A coladeira é um dos ritmos de uma grande popularidade no meio musical de Cabo Verde.   Também, como a morna, não escapou à polémica em torno da sua origem.
Terá alcançado maior dimensão e projeção na década de cinquenta e sessenta do século passado e , comumente aceite, a sua conquista do espaço musical teve início na Cidade do Mindelo, São Vicente, por volta de 1940. 
Aventa-se a ideia que a Coladeira é o resultado da morna em andamento rápido e que o nome foi trazido à baila por António Tchítche, quando no decorrer das festividades de Nhô San Jon, nos idos de 1930, conseguiu cantar uma morna sob o acompanhamento do tambor, exclamando: "és qu´é morna coladera".

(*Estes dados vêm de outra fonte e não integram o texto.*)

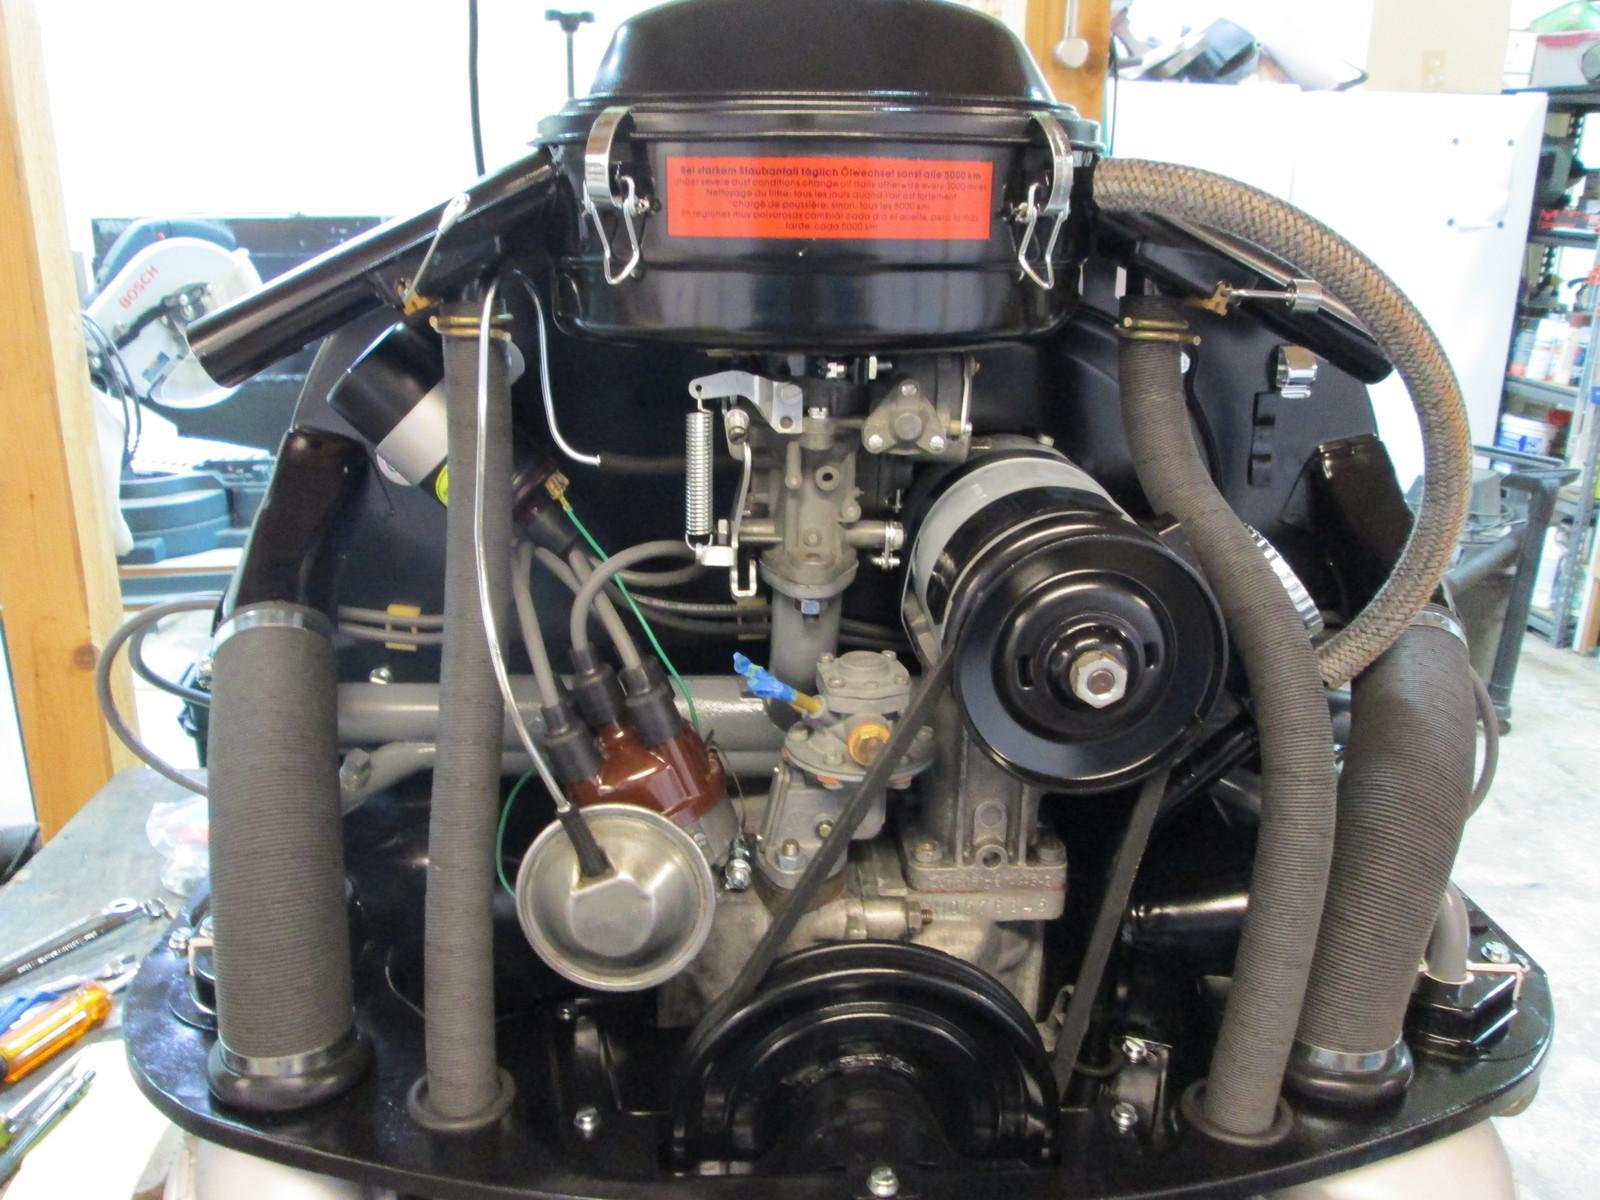 Wolfsburg Vw Engine Tin Diagram Electrical Work Wiring Diagram \u2022 VW  Bug Diagram Vw 1600 Bus Engine Tin Diagram

Ernesto Vasconcelos, na obra "As colónias de Portugal", na sua edição de 1916, fornece, todavia, informações que concorrem para questionar a tal suposição, ao consagrar, no capítulo respeitante a Cabo Verde, que "(...) As danças predilectas do povo são a coladeira, a taca e o lundum" (...), introduz este autor a ideia de que a designação "coladeira" já existia muito antes da data que se costuma referenciar com a data do seu aparecimento. 
Na descrição que o autor faz da coladeira, caracteriza-a como "licenciosa e um tanto libertina na intenção (...).  Ainda, no tocante à coreografia que sujeita a sua dança, descreve que "ao som da música apropriada, os pares começam a mover-se num balançamento lânguido e morno no comêço, mas que vai agitando-se com ardor crescente. Todo o corpo se move, acompanhando os movimentos das pernas. Tal é o tom geral das danças, que só na coladeira tem movimentos de corpo verdadeiramente licenciosos e por isso não é usado em todas as casas"

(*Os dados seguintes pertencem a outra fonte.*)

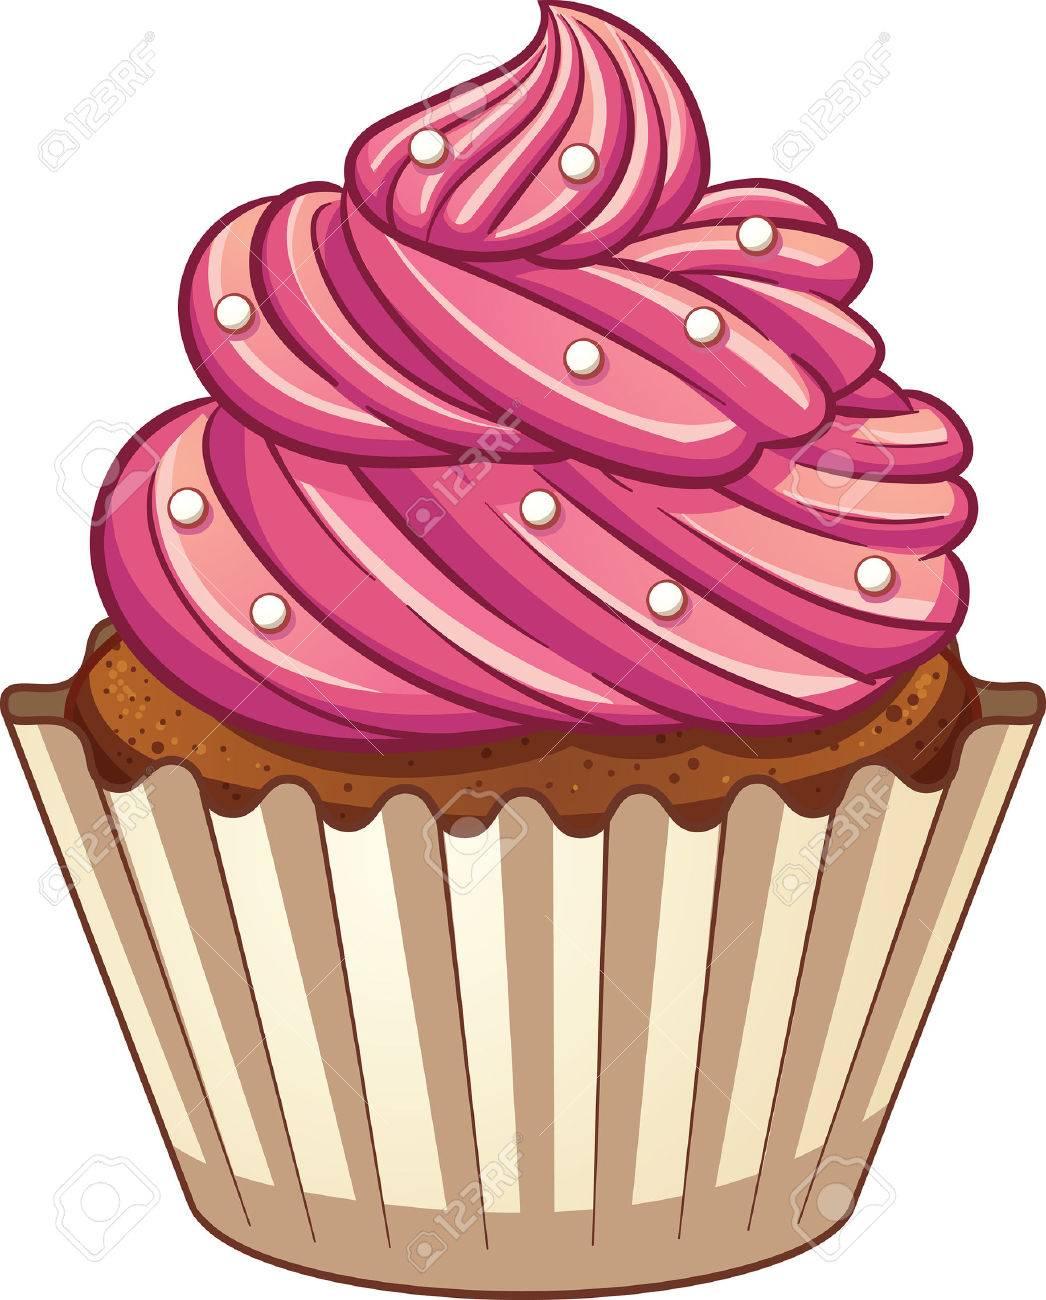 Cartoon cupcake. clip art illustration with simple gradients.

De acordo com Manuel de Jesus Tavares, licenciado em línguas e literaturas modernas e diplomata de carreira, autor de "Aspectos evolutivos da música cabo-verdiana", o termo é muito anterior à data apontada como sendo a do seu surgimento e a veicular uma música ligada a uma dança, significa que este género não era desconhecido. Talvez regras de conduta social então vigente a tivessem forçado a refugiar-se num "estádio de hibernação" e que, ao deparar-se com alguma abertura e permissividade social, tivesse sido objecto de recuperação. 
Devido a influências de outras latitudes com a entrada e saida de navios no Porto Grande, não podemos dissociar a coladeira actual de subsídios de outros estilos musicais que nela confluíram.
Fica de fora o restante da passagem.